We also compare the performance of these methods (when implemented by hand) to routines from two pre-existing R
packages commonly used in Spatial Statistics : geoR::grf()
, which uses the Cholesky-Decomposition method; and fields::sim.rf()
, which uses the Circulant Embedding method.
The table below displays the computational time needed to generate 1 realization of \(\bm{Y} \sim \MVN{\bm{μ}, \bm{Σ}}\) (in seconds) for each method\(×\)dimensionality combination, averaged across 3 simulations.
method | 10×10 | 20×20 | 30×30 | 40×40 | 50×50 |
---|---|---|---|---|---|
denman-beavers | 0.07 | 2.43 | 23.74 | 144.64 | - |
newton-schulz | 0.09 | 3.02 | 28.44 | 148.37 | - |
cholesky | 0.01 | 0.08 | 0.41 | 2.09 | 6.50 |
eigen | 0.01 | 0.25 | 1.91 | 9.37 | 37.16 |
geor::grf | 0.01 | 0.09 | 0.53 | 2.08 | 6.46 |
fields::sim.rf | 0.01 | 0.01 | 0.01 | 0.02 | 0.03 |
Note that, for \(p=50×50=2500\) dimensions, the iterative methods are omitted as they would crash my R
session before converging – however, we can estimate the time taken to be around 600s (10 minutes).
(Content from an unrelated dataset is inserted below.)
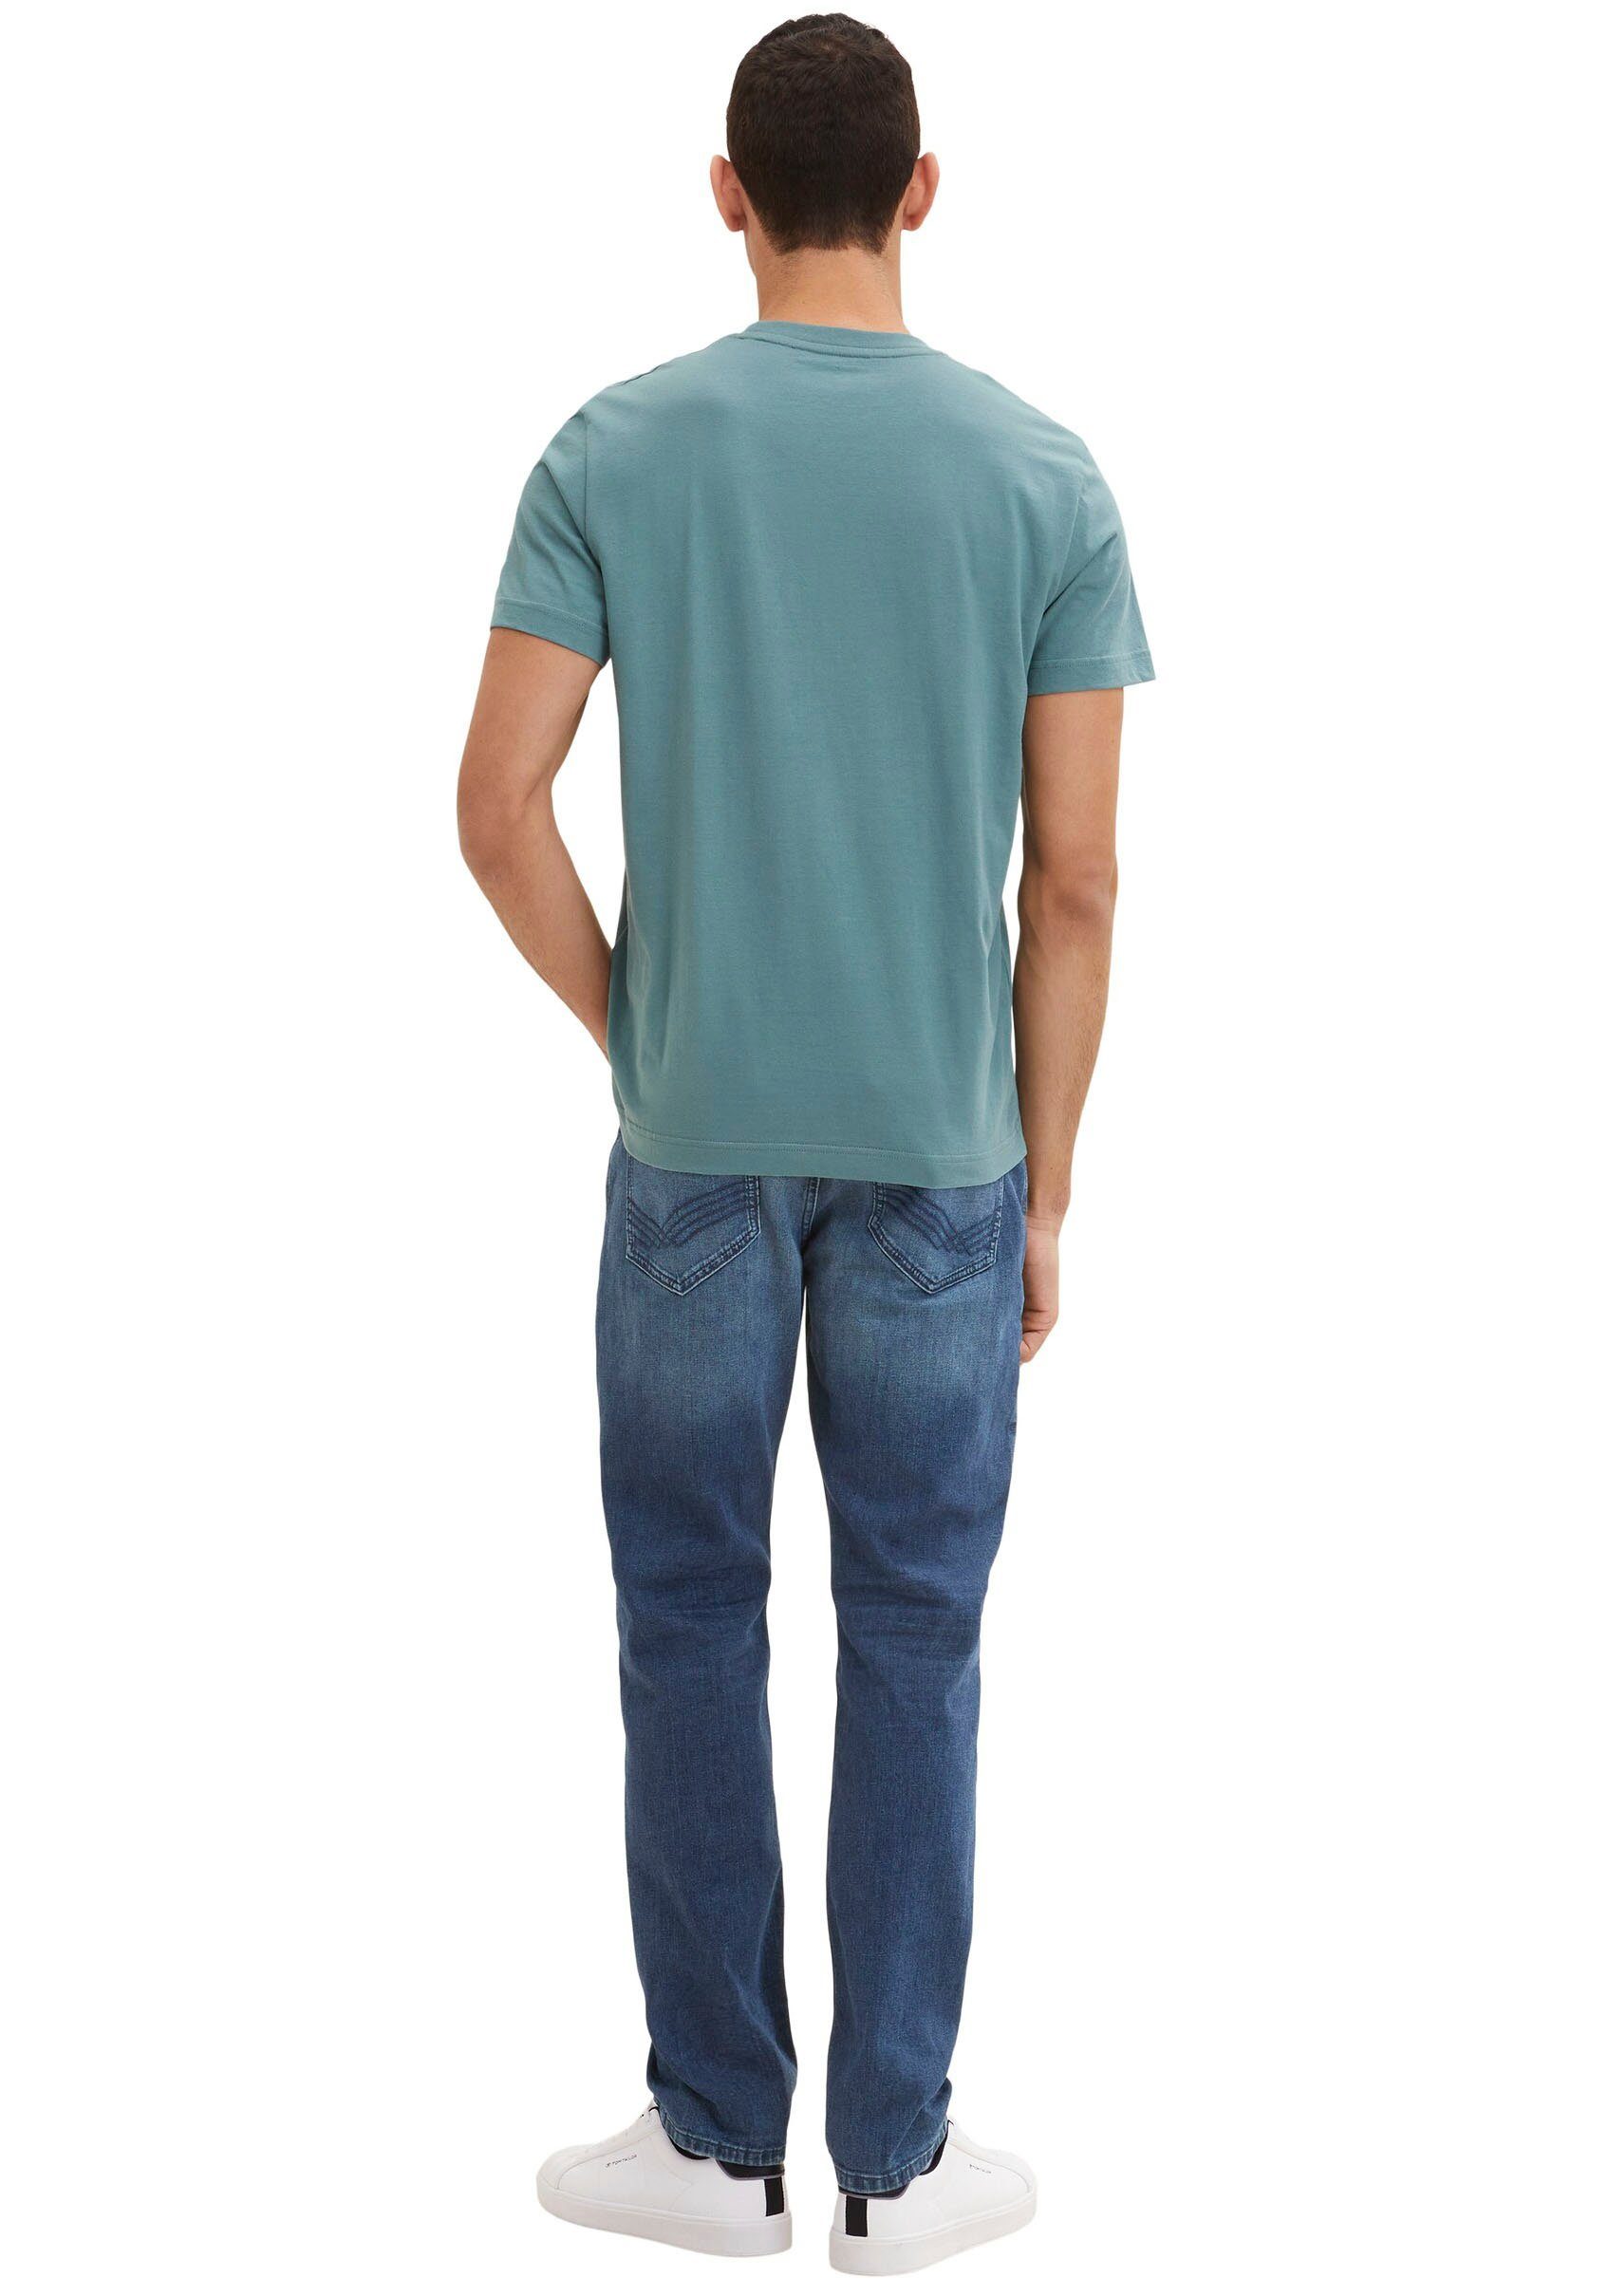 TOM TAILOR Print-Shirt T-Shirt deep Tom Tailor Frontprint bluis Herren

Although not discussed previously, a rigorous comparison of these methods would also take into account the storage complexity associated with each method, since a single Covariance matrix could occupy several GB of RAM.
Plotting these results…
Before discussing the results, note that the hand-implemented Cholesky Decomposition method is not seen on the plot above because the performance is almost identical to the geoR::grf()
routine (unsurprisingly).
Discussion
From our results above, we notice that
The Denman-Beavers and Newton-Schulz algorithms had the worst performance. This is partly because they are general-purpose tools and not problem-specific tools; but, it is also partly because the other methods are implemented more efficiently (e.g. the Cholesky and Eigen-Decomposition methods rely on well-optimized
FORTRAN
subroutines).The Eigen-Decomposition method is noticeably slower than the Cholesky-Decomposition method (the reason why is unclear, but could likely be revealed by digging into the
FORTRAN
source code of thechol()
andeigen()
functions)The Circulant-Embedding method had the best performance by far, and is likely the only method scalable for GRFs with dimensions \(p > 10,000\). However, when running the simulations, this method was also the least stable when the \(γ\) parameter is large (i.e. when correlation decays very slowly with distance). From the
fields::sim.rf()
documentation: “The algorithm… may not always work if the correlation range is large. Specifically [when] the weight function obtained from the FFT of the covariance field [has] negative values”
Although the simulations ran were imperfect comparisons, the conceptual takeaway is very clear: computational methods tailored to individual problems – i.e. those that take the most advantage of the problem assumptions – will tend to outperform general-purpose methods.